## Data
■ ■ ■ ■ ■ ■ ■
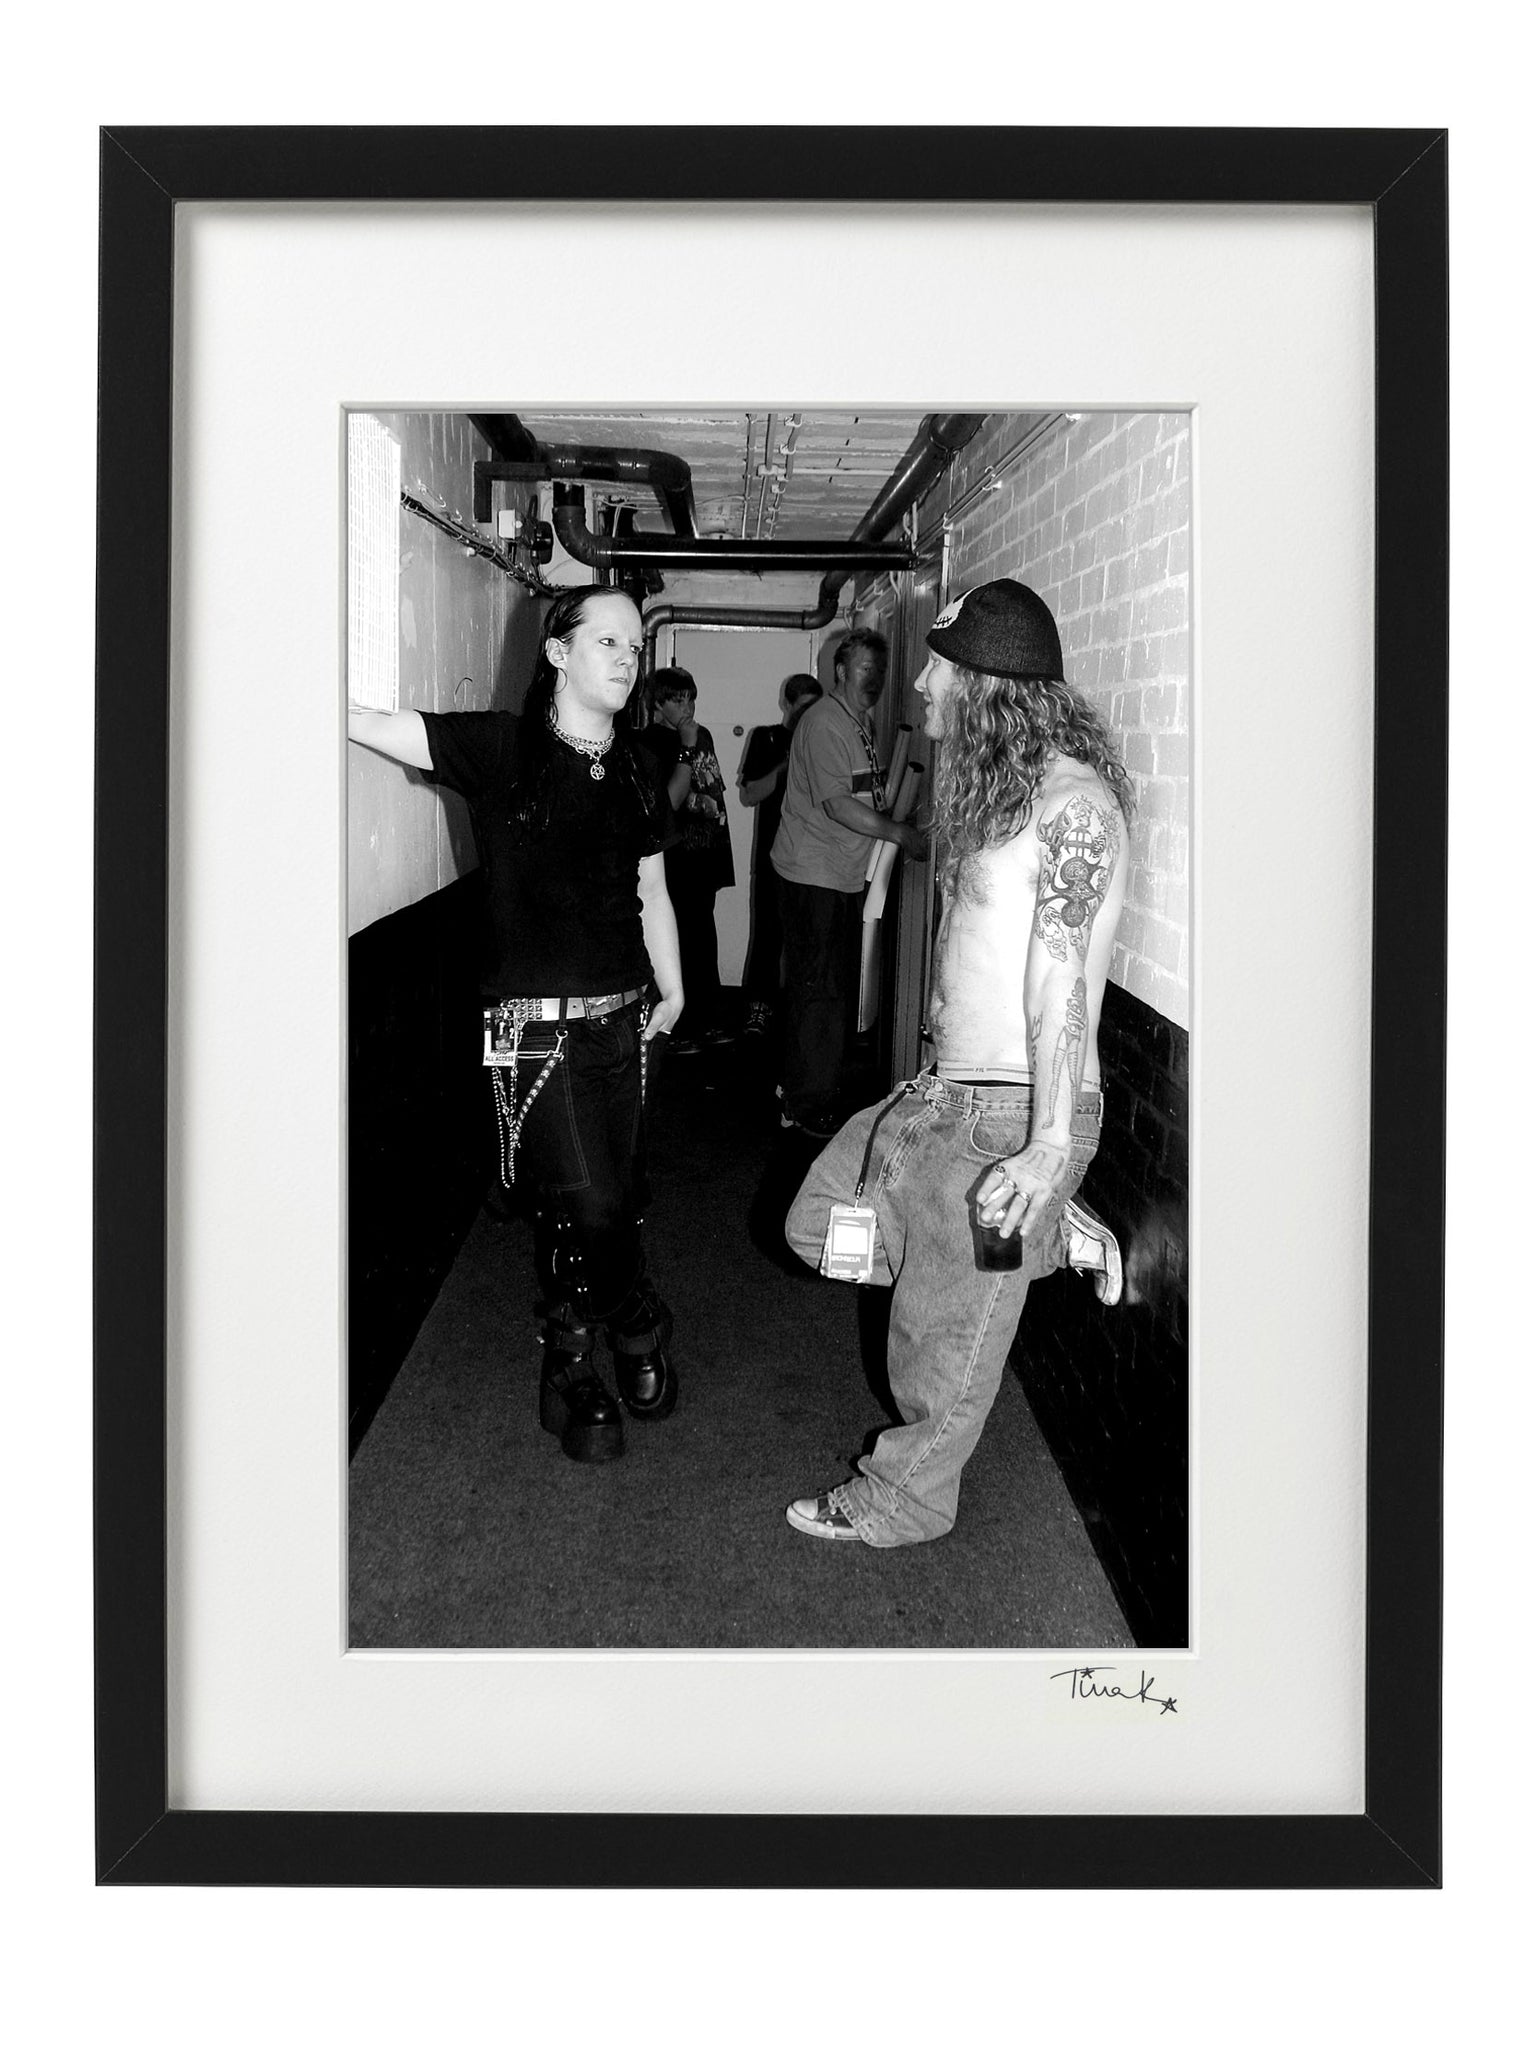 Joey Jordison (Slipknot founding drummer, Murderdolls) with Corey Taylor (Slipknot, Stone Sour) backstage at Birmingham Academy in 2003. Black and white framed print by Tina K Photography.
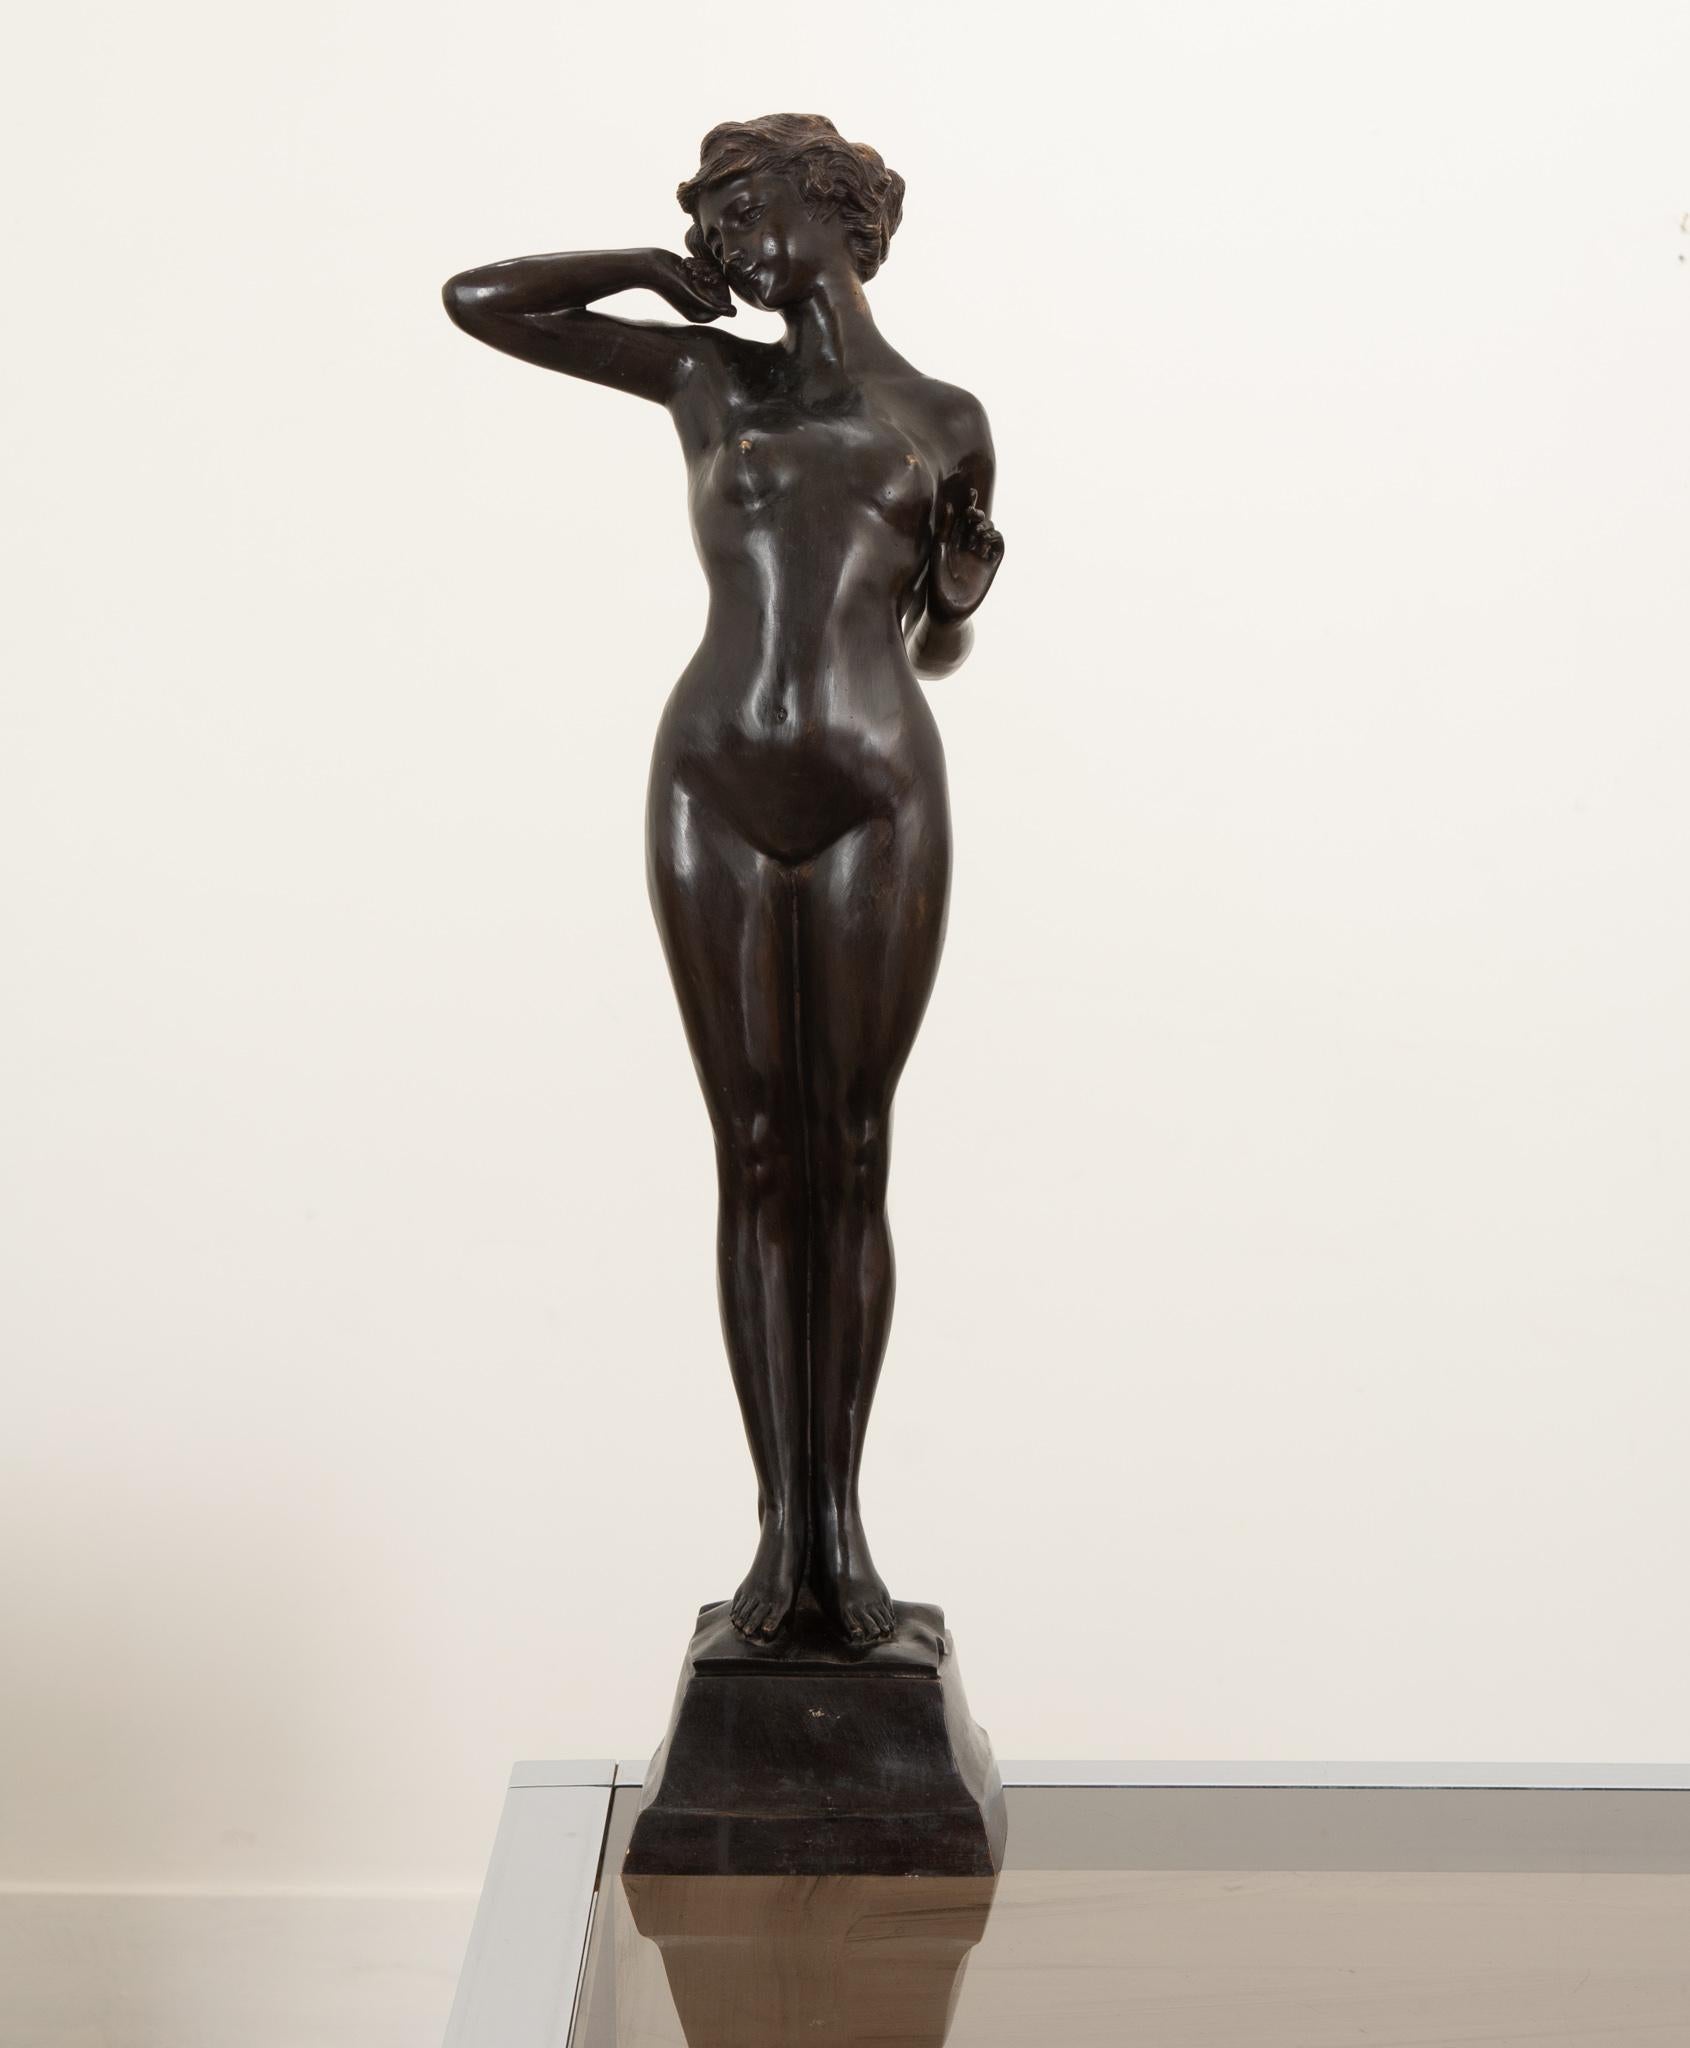 A beautiful bronze female nude crafted in France during the 19th century. The composition is well balanced, the figure in a classic stance to show off the artist's ability to recreate her anatomy. Wonderfully patinated. Make sure to view the
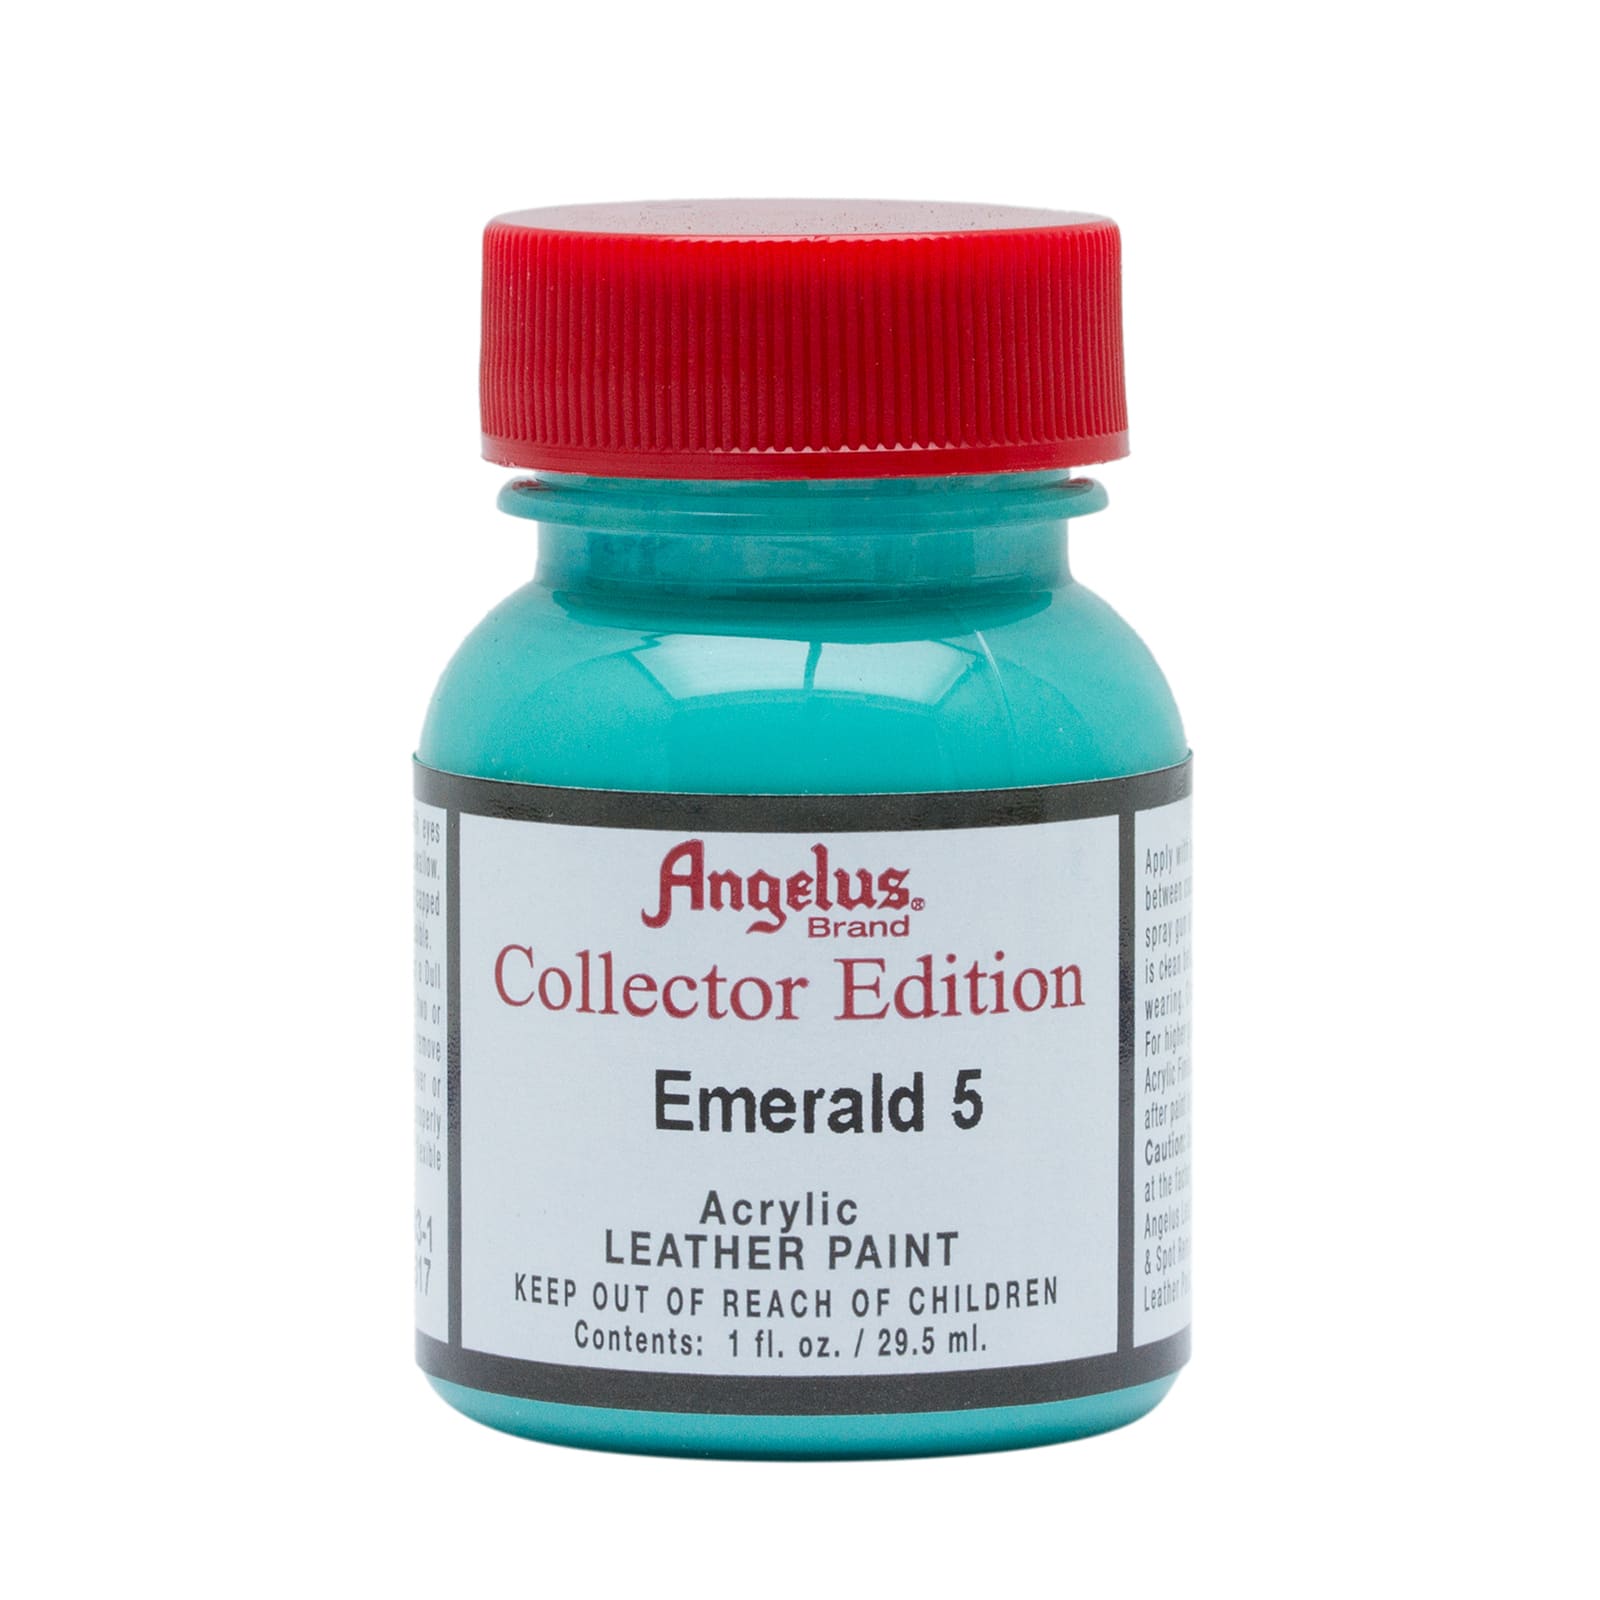 Angelus Acrylic Leather Paint Collector Edition 1oz White Cement/Grey 4
■ ■ ■ ■ ■ ■ ■
## Exercise directions
Output all of the data above exactly; no pictures should appear.

## Solved exercise
 Joey Jordison (Slipknot founding drummer, Murderdolls) with Corey Taylor (Slipknot, Stone Sour) backstage at Birmingham Academy in 2003. Black and white framed print by Tina K Photography.
 A beautiful bronze female nude crafted in France during the 19th century. The composition is well balanced, the figure in a classic stance to show off the artist's ability to recreate her anatomy. Wonderfully patinated. Make sure to view the
 Angelus Acrylic Leather Paint Collector Edition 1oz White Cement/Grey 4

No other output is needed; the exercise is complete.